Астров. Ну, что тебе, мученик?
Войницкий. Вот ты говоришь — может, прав он, молодой этот бычок, в своей святой простоте…
Астров. Да ладно тебе, Веня, не заводись опять. Поздно уже, ехать надо.
Войницкий (останавливает его резким движением руки). Подожди. Это важно.
Пауза
Я с молодости помню одну фразу из Иова: «Человек рождается на страдание, как искры — чтобы устремляться ввысь». Красиво, правда? Но не в красоте дело. Главное-то дело — в том, что мы росли на этом принципе — с самых младых ногтей… Все эти Достоевские, вся эта христианщина, весь этот культ страдания, культ мученичества… Бр-р-р… Для российского интеллигента страдание — благо.

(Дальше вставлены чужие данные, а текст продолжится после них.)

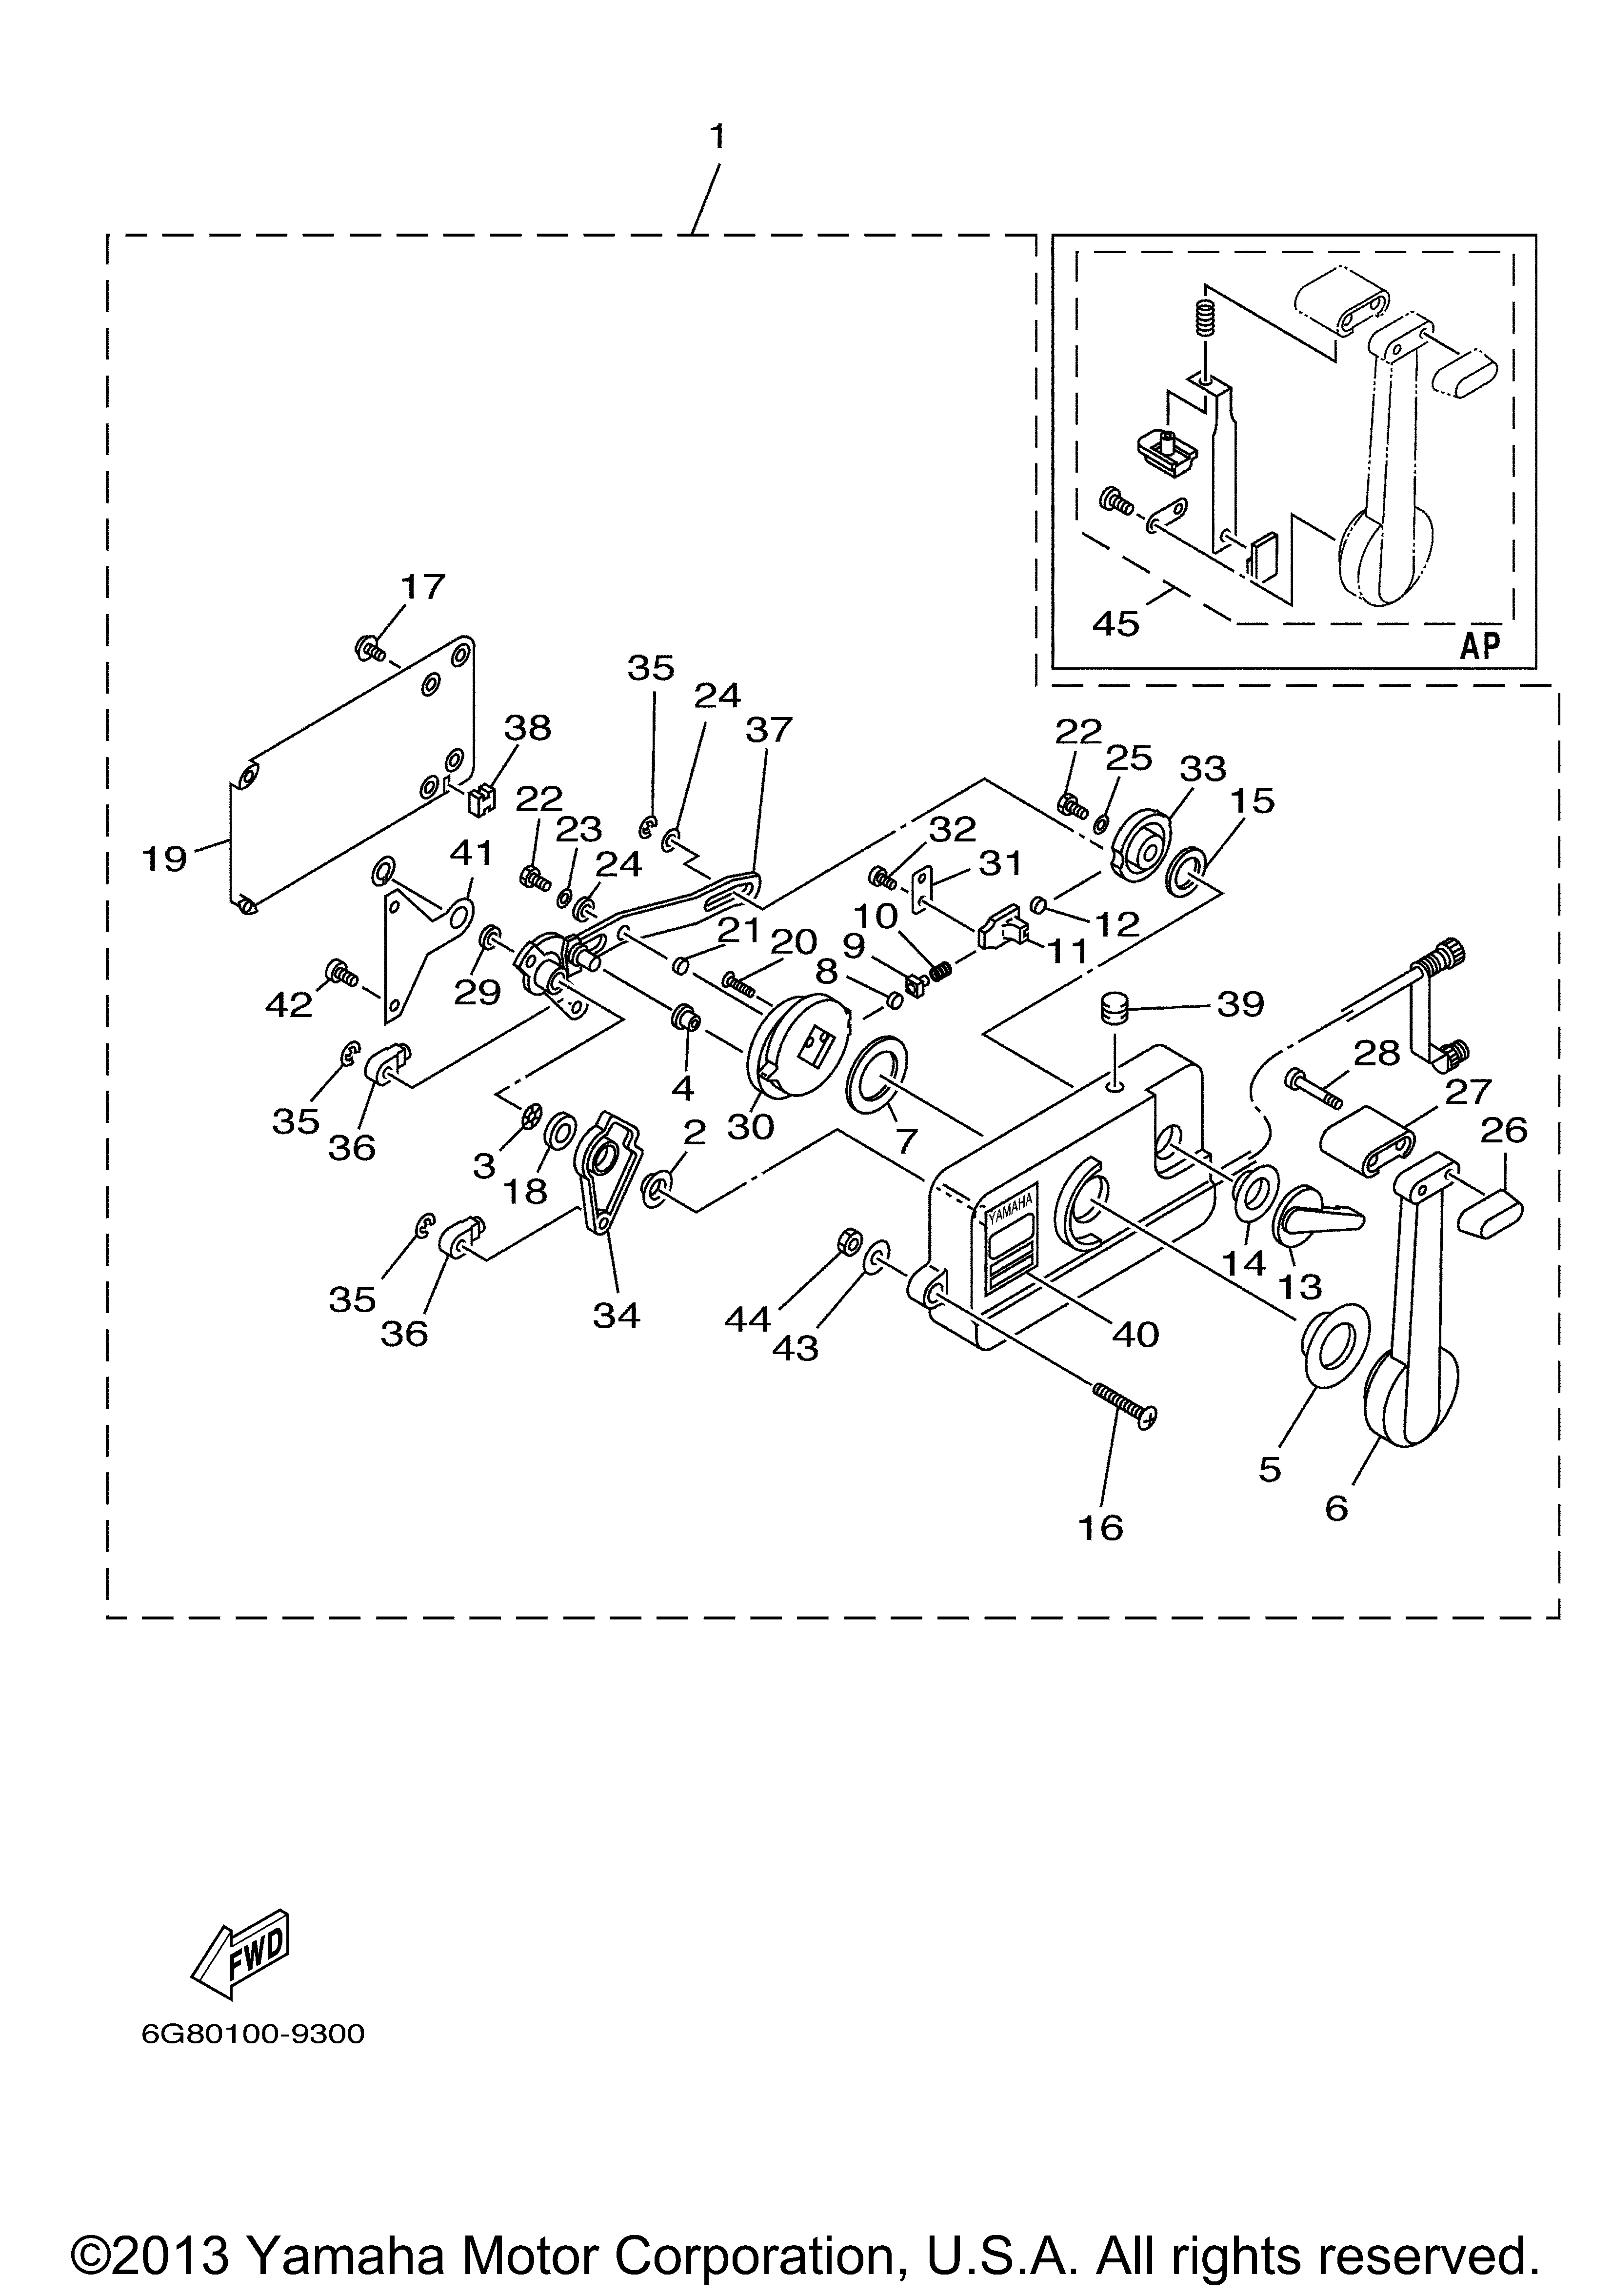 Yamaha Outboard Motor Parts Diagram

Он к звездам непременно сквозь тернии прорывается — а иначе, без терний, — какие же это звезды?.. Вот и я, грешный, так думал. А тут, как иврит подучил, полез в Танах — прочитать свою любимую путеводную фразу в оригинале. И что ты думаешь? Все не так! Враки! Передернул лукавый переводчик!
Там сказано: «Ки адам ле-амаль йулад увнэй рэшеф йагбиу уф». Ты понял?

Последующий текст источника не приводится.